【弁護団声明】FIRST不動産役員2名、かけ子3名に判決が言い渡されました。

平成28年10月24日、横浜地方裁判所で、FIRST不動産の役員2名、かけ子3名
に判決が言い渡されました。

不動産投資装い1億円超詐欺 元社長に懲役10年判決(NHK NEWS WEB)
中心人物らに実刑 カンボジア投資詐欺 横浜地裁判決 「組織的で狡猾」( 神奈川新聞) 
カンボジア投資詐欺で不動産会社社長に懲役10年 横浜地裁 (産経ニュース)
カンボジア投資詐欺  5人実刑判決 懲役10年など 横浜地裁 /神奈川(毎日新聞)
 

これを受けて、当弁護団では以下のとおり弁護団声明を出しました。

 

             カンボジア不動産投資被害弁護団声明

                                     平成28年10月24日
                             カンボジア不動産投資被害弁護団
                                   団長 弁護士 瀬 戸 和 宏

 カンボジア不動産投資詐欺事件に関し、本日、横浜地方裁判所刑事部は、日本総
代理店とされていた株式会社FIRST不動産の代表取締役である被告人A、
同社副社長である被告人B、架け子グループのトップである被告人J、同ナンバーツーである
被告人K及び同メンバーの一員であるLに対して、それぞれ詐欺罪で懲役10年、懲役8年6か月、
懲役10年、懲役8年6か月、懲役4年6か月の実刑判決を言い渡しました。

 被告人らは、在カンボジアの不動産への投資名目で、劇場型勧誘の手法により全
国の高齢者らを次々と狙い撃ちにし、少なくとも数百名から20億円以上もの金員
をだまし取ったもので、老後の資金を根こそぎむしり取られた被害者も多数います。
このように、本件は数ある投資詐欺の中でも極めて大規模、組織的、計画的、悪質
かつ卑劣な犯行といえ、高齢者らの被害は凄惨を極めます。

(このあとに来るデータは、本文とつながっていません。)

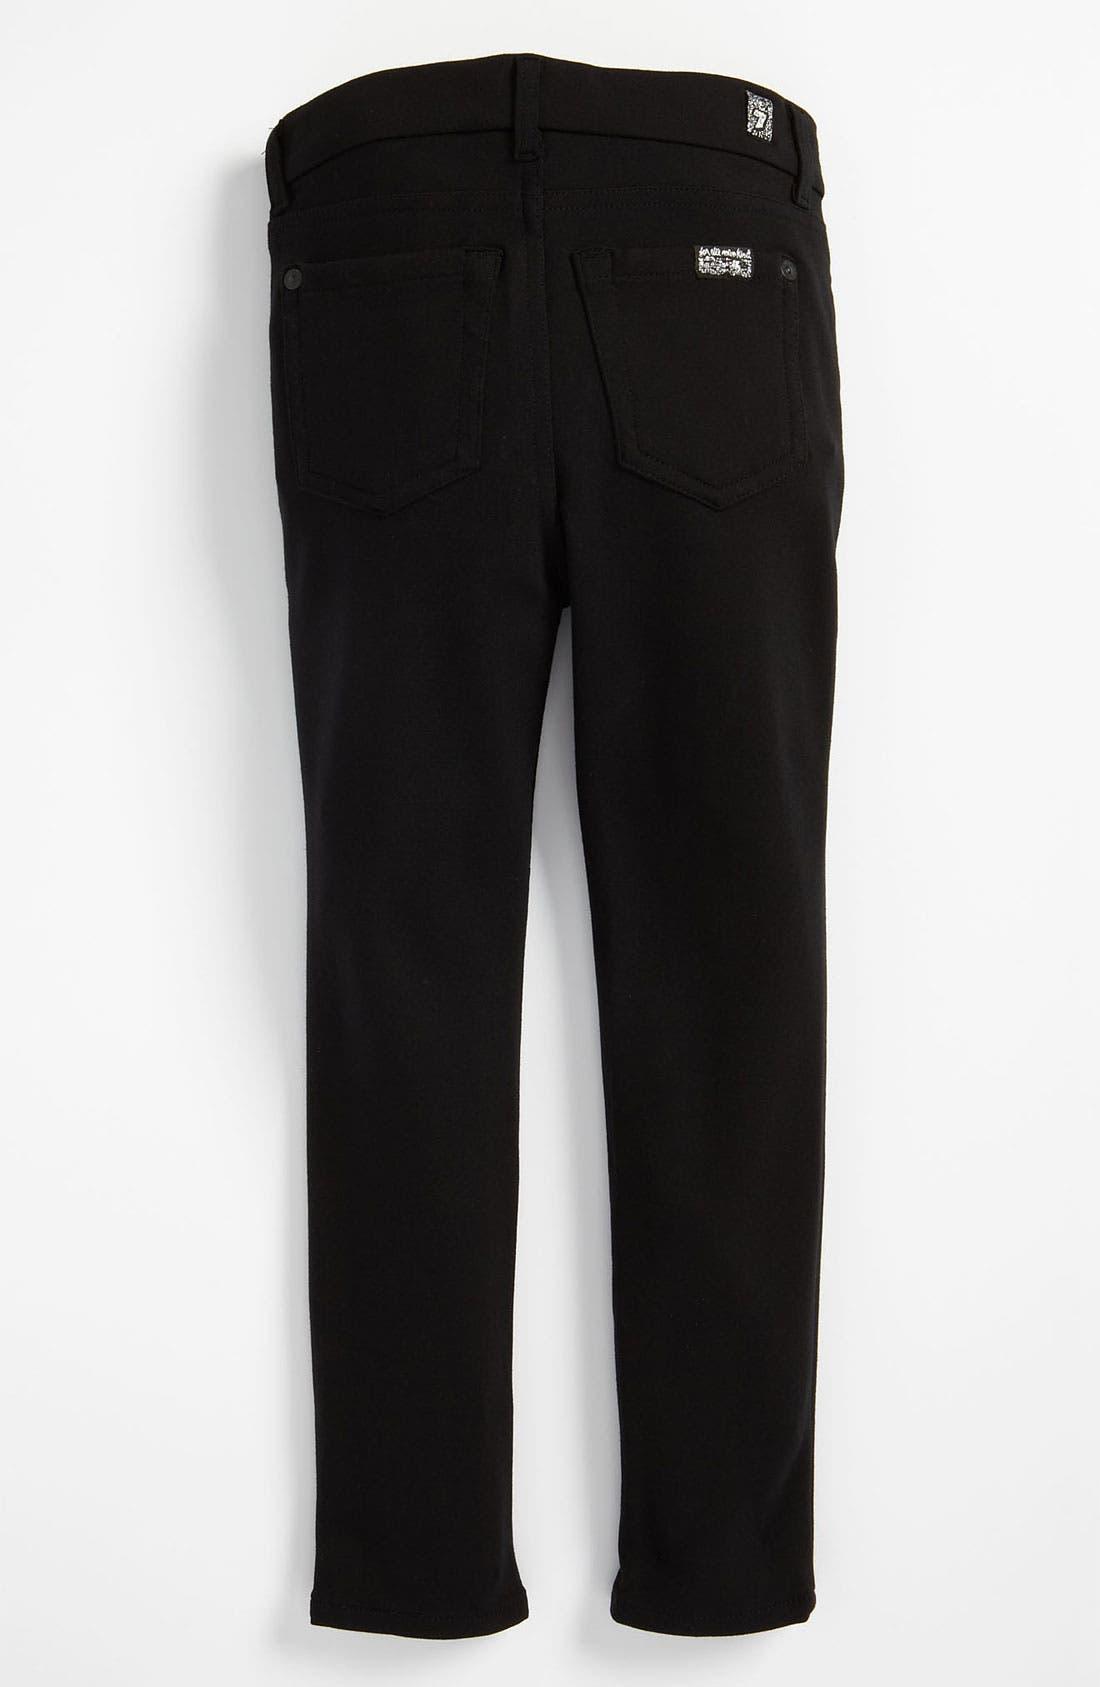 Alternate Image 1 Selected - 7 For All Mankind® Skinny Ponte Knit Pants (Little Girls)
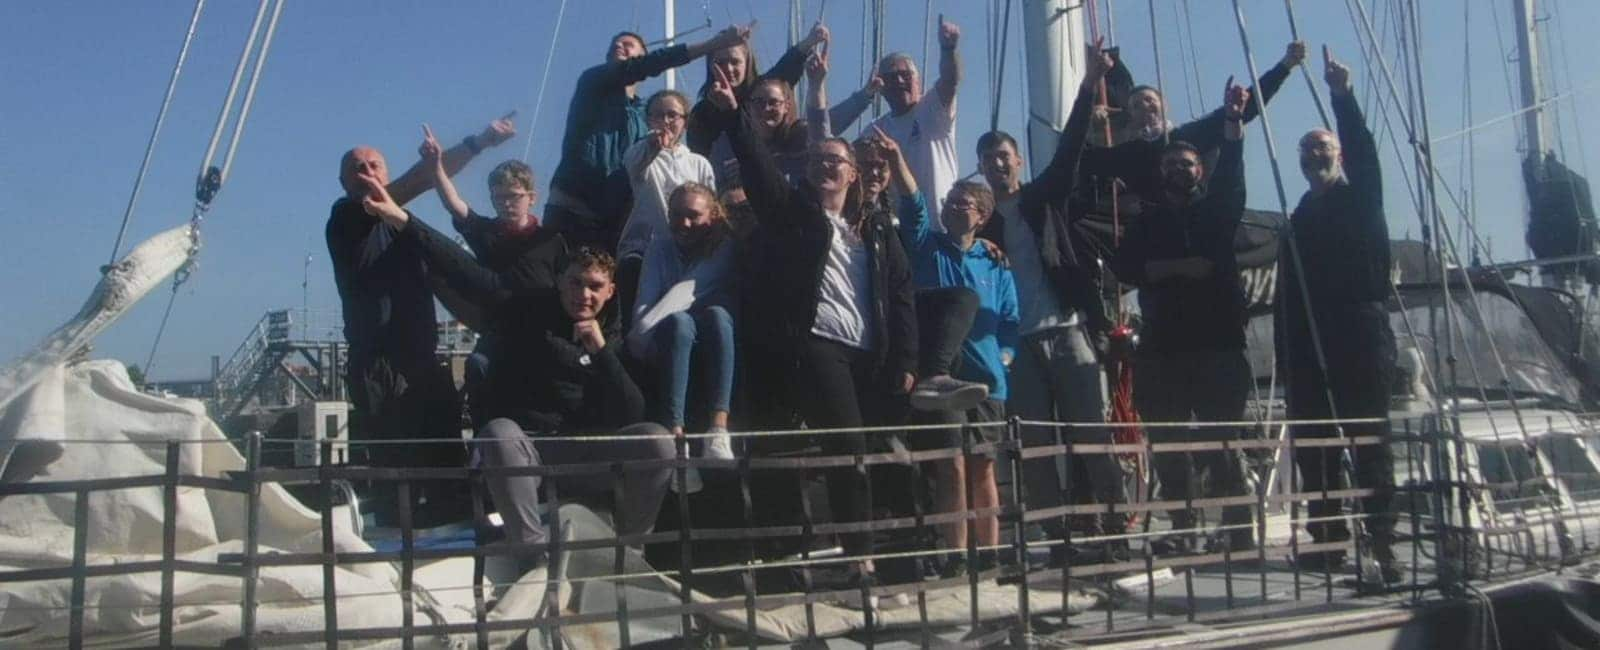 Ocean Youth Trust Scotland/Drumchapel G15 Voyage

本件で起訴されている
犯罪は、被告人らが犯した罪のごく一部に過ぎないのです。
 本日の判決内容は、被害者の感情を考慮すると不十分と言わざるを得ません。
 ただ、平成25年8月に最初の関係者が逮捕されて以降、本判決に至るまで3年
以上にわたり捜査を行い、公判を維持してきた警察・検察の尽力には心より敬意を
表します。

 しかし、本件の真の首謀者である今野郁男氏(カンボジア名:Konno Kakada)は、
逮捕状が発付されて国際手配をされていながら、現在、カンボジア
におり、逮捕されていません。裁判では、本件は今野氏が計画し指示したものであ
り、また多額の被害金がカンボジアの今野氏のもとに届けられたことが明らかとな
っています。今野氏は、平成24年にカンボジアへ渡航し、以後、現在に至るまで
カンボジアを拠点としており、平成25年には国籍も日本からカンボジアへ変更し
ております。今野氏の刑事責任が問われないままでは本件が真に解決したとは言え
ず、警察・検察に対しては、国際的な協力の下、今野氏の逮捕行に向けた活動をこ
れまで以上に強く期待します。

 我が国では、本件と同種の投資詐欺が後を絶たず、その手口も年々悪質化、巧妙
化しておりますが、本判決はこれら同種犯行の再発を強く抑制するものといえます。
 当弁護団としては、引き続き警察・検察の捜査・公判に協力していくとともに、
未だ十分に実現されているとはいえない被害回復に向けて尽力していく所存です。